++++ Records for the exercise
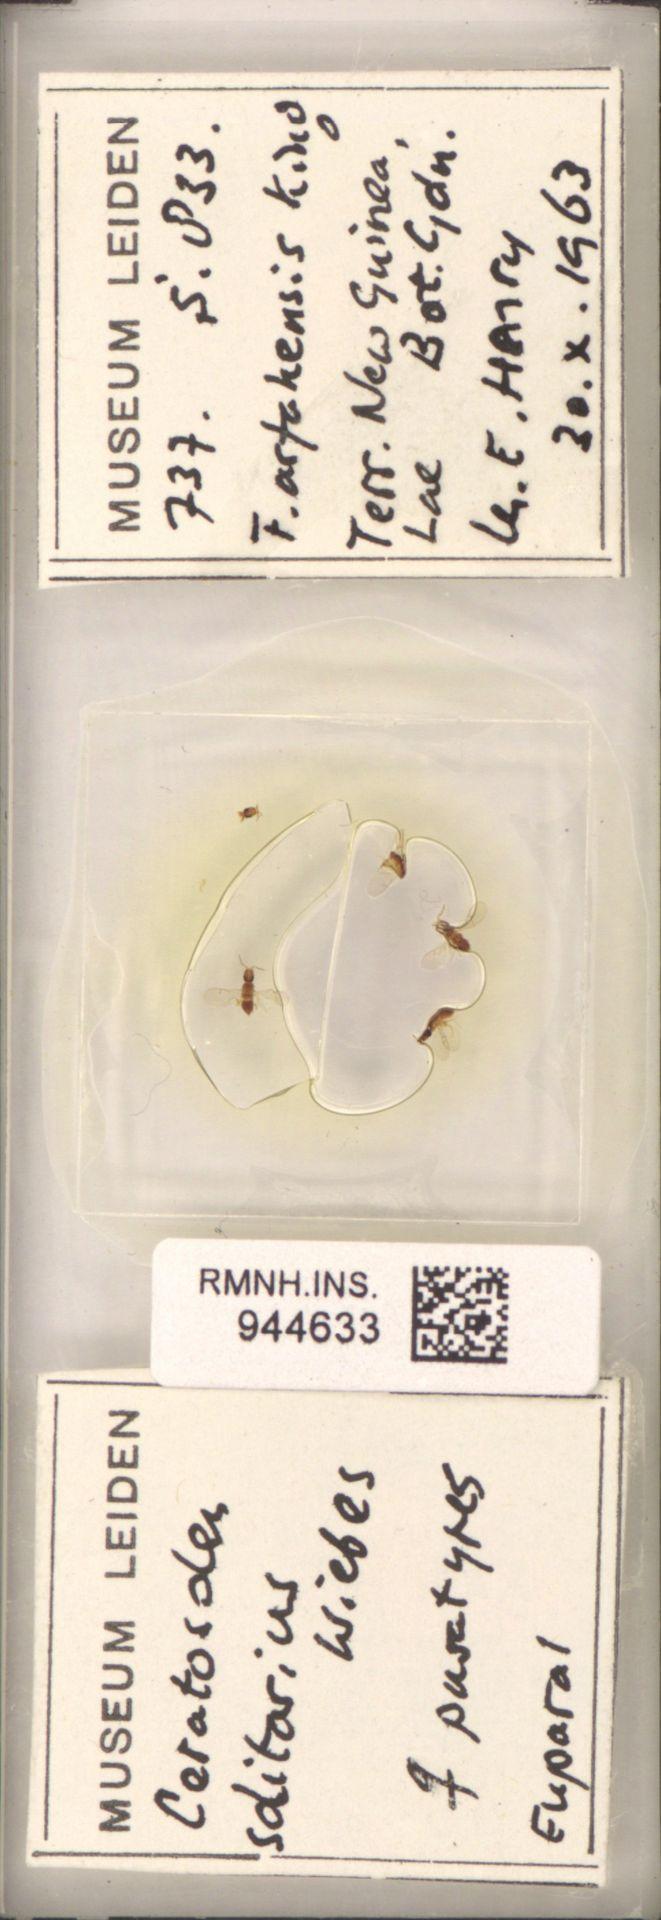 RMNH.INS.944633 | Ceratosolen solitarius Wiebes
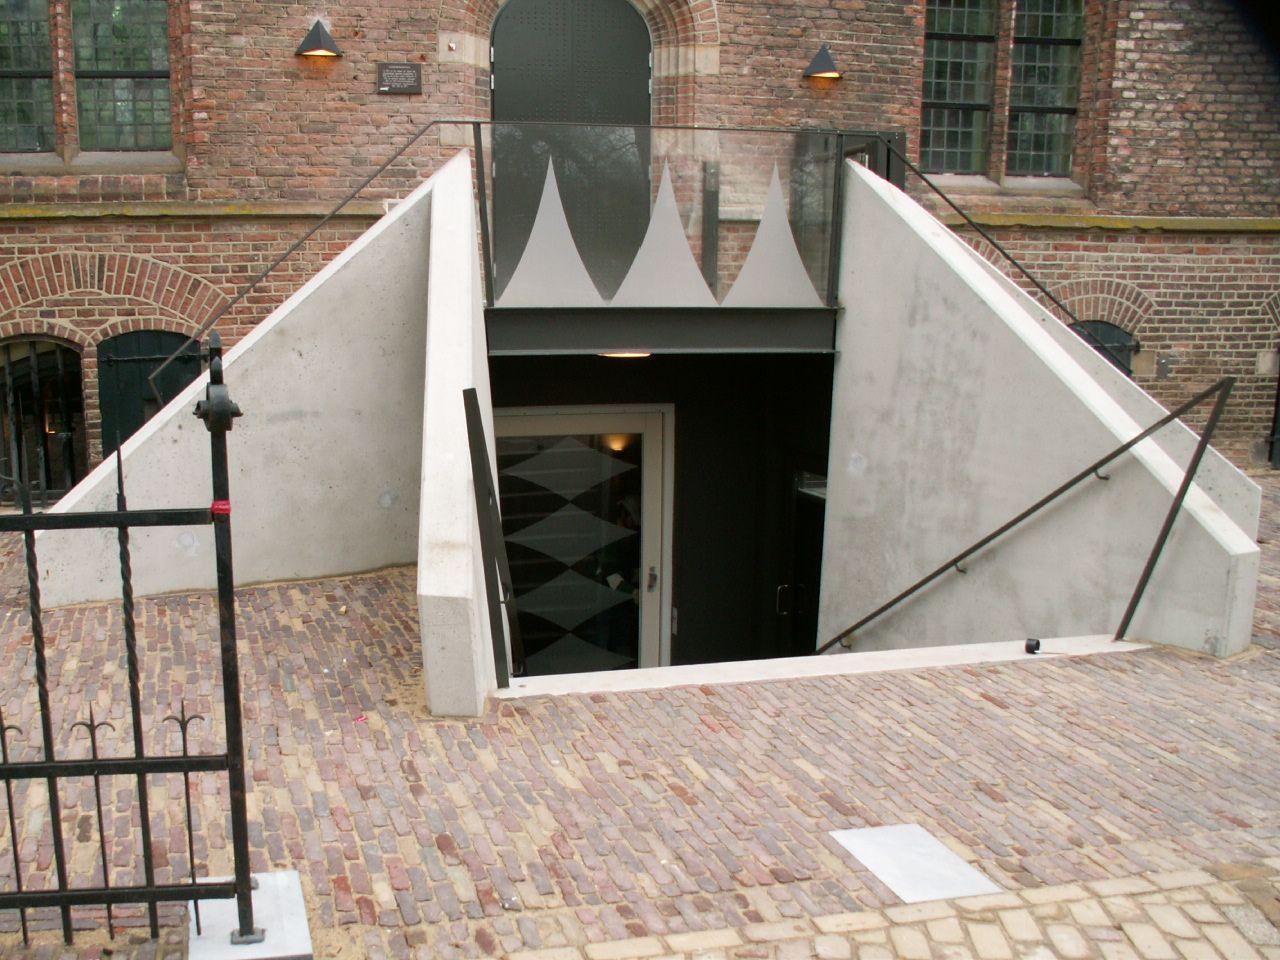 Van der Vegt is bij uitstek de producent van niet alledaagse objecten. Door de vakkennis die in het bedrijf aanwezig is, kunnen de meest uiteenlopende voorwerpen gemaakt worden. Door  vakkennis kunnen de meest diverse trappen en balustraden gemaakt worden.
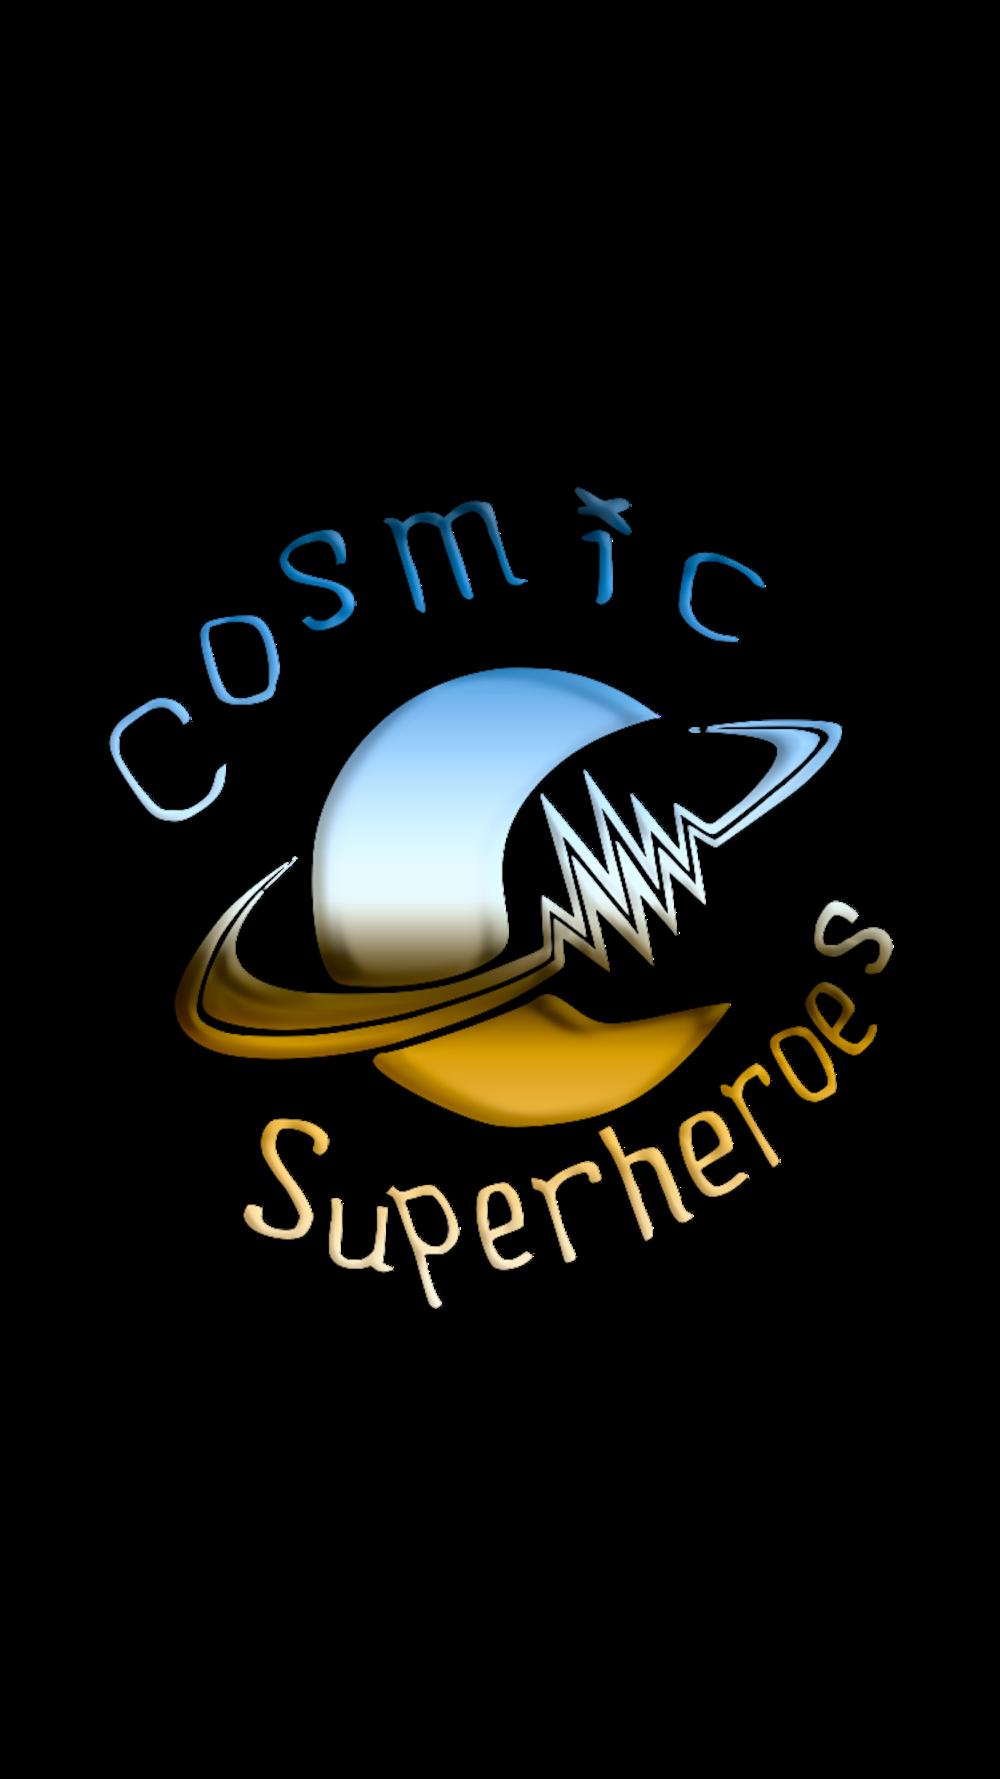 Cosmic Superheroes - Logo 2.png
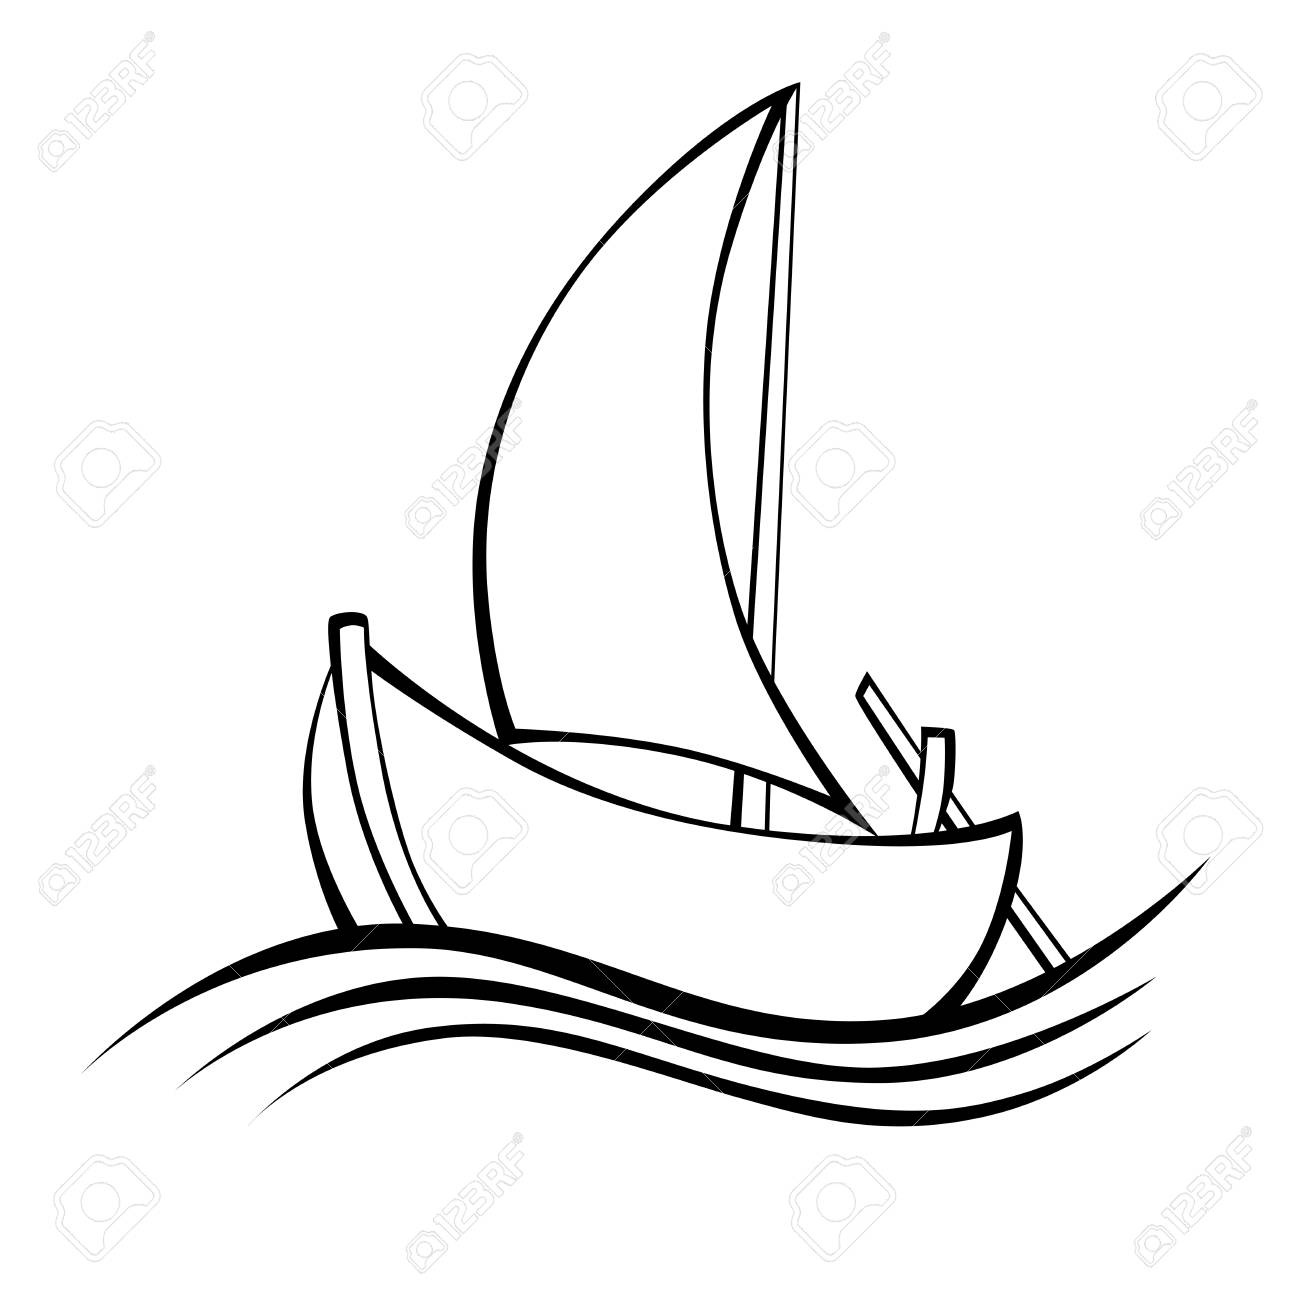 Sailing boat black white isolated object illustration.
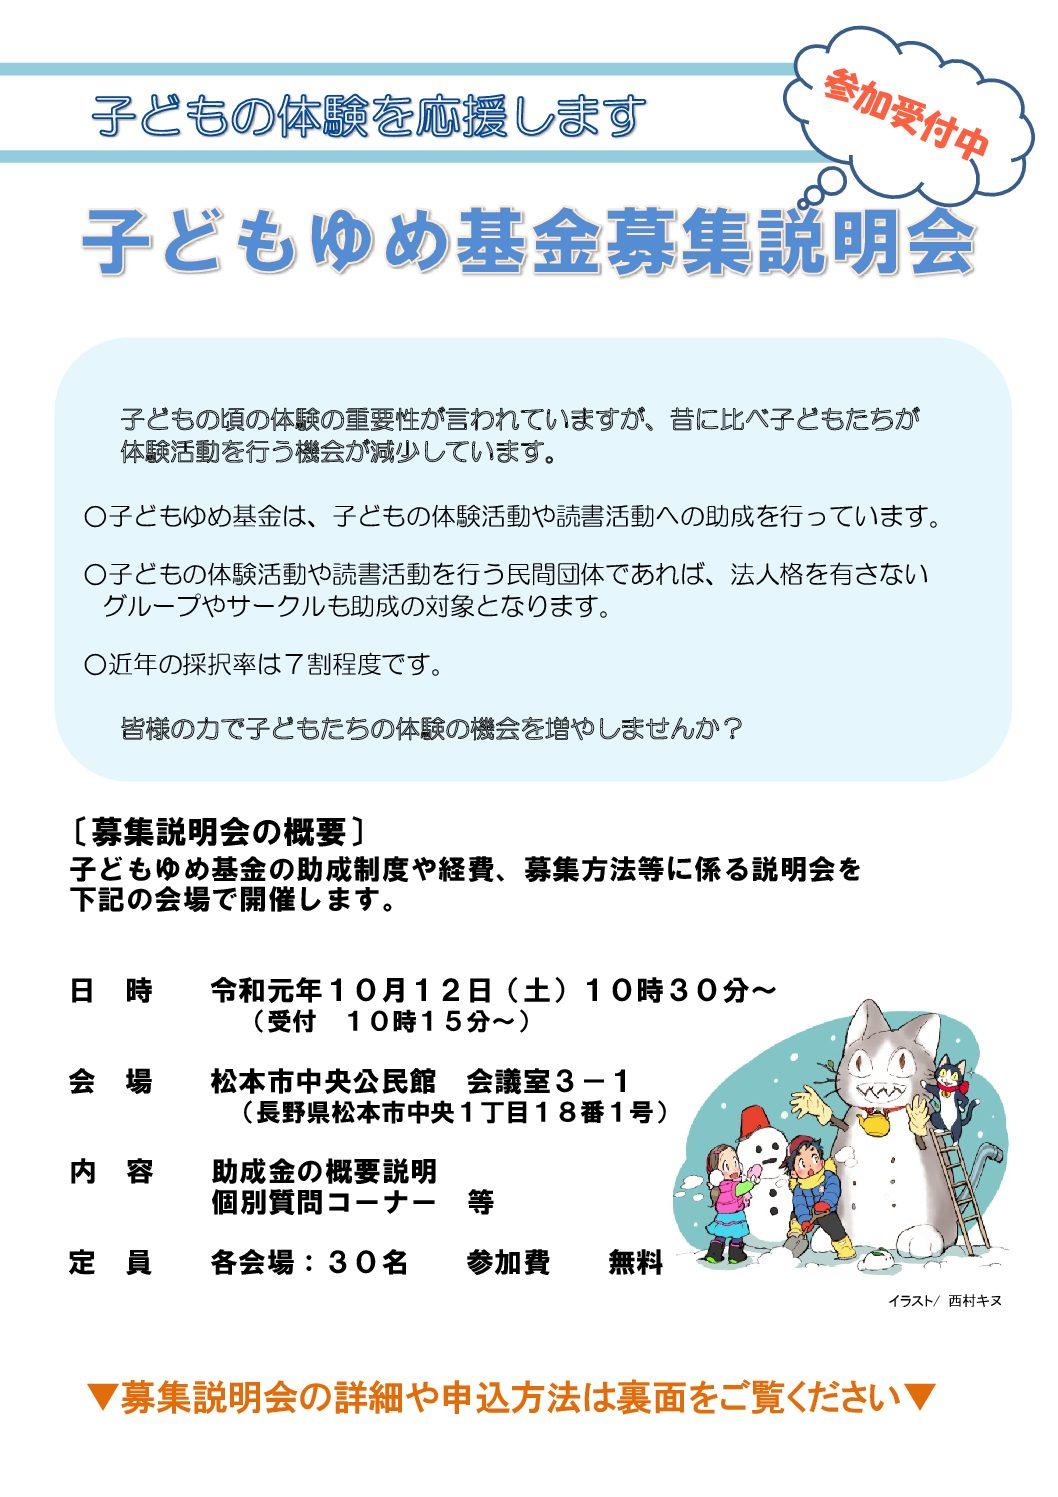 令和2年度子どもゆめ基金助成活動募集説明会を10月12日(土)に松本市で開催します
++++++++
§ **Work to complete**: Your output should consist solely of the lines from the line containing "Sailing boat black" through the end of the data above, copied exactly, with images removed.

§ **Finished exercise**:
 Sailing boat black white isolated object illustration.
 令和2年度子どもゆめ基金助成活動募集説明会を10月12日(土)に松本市で開催します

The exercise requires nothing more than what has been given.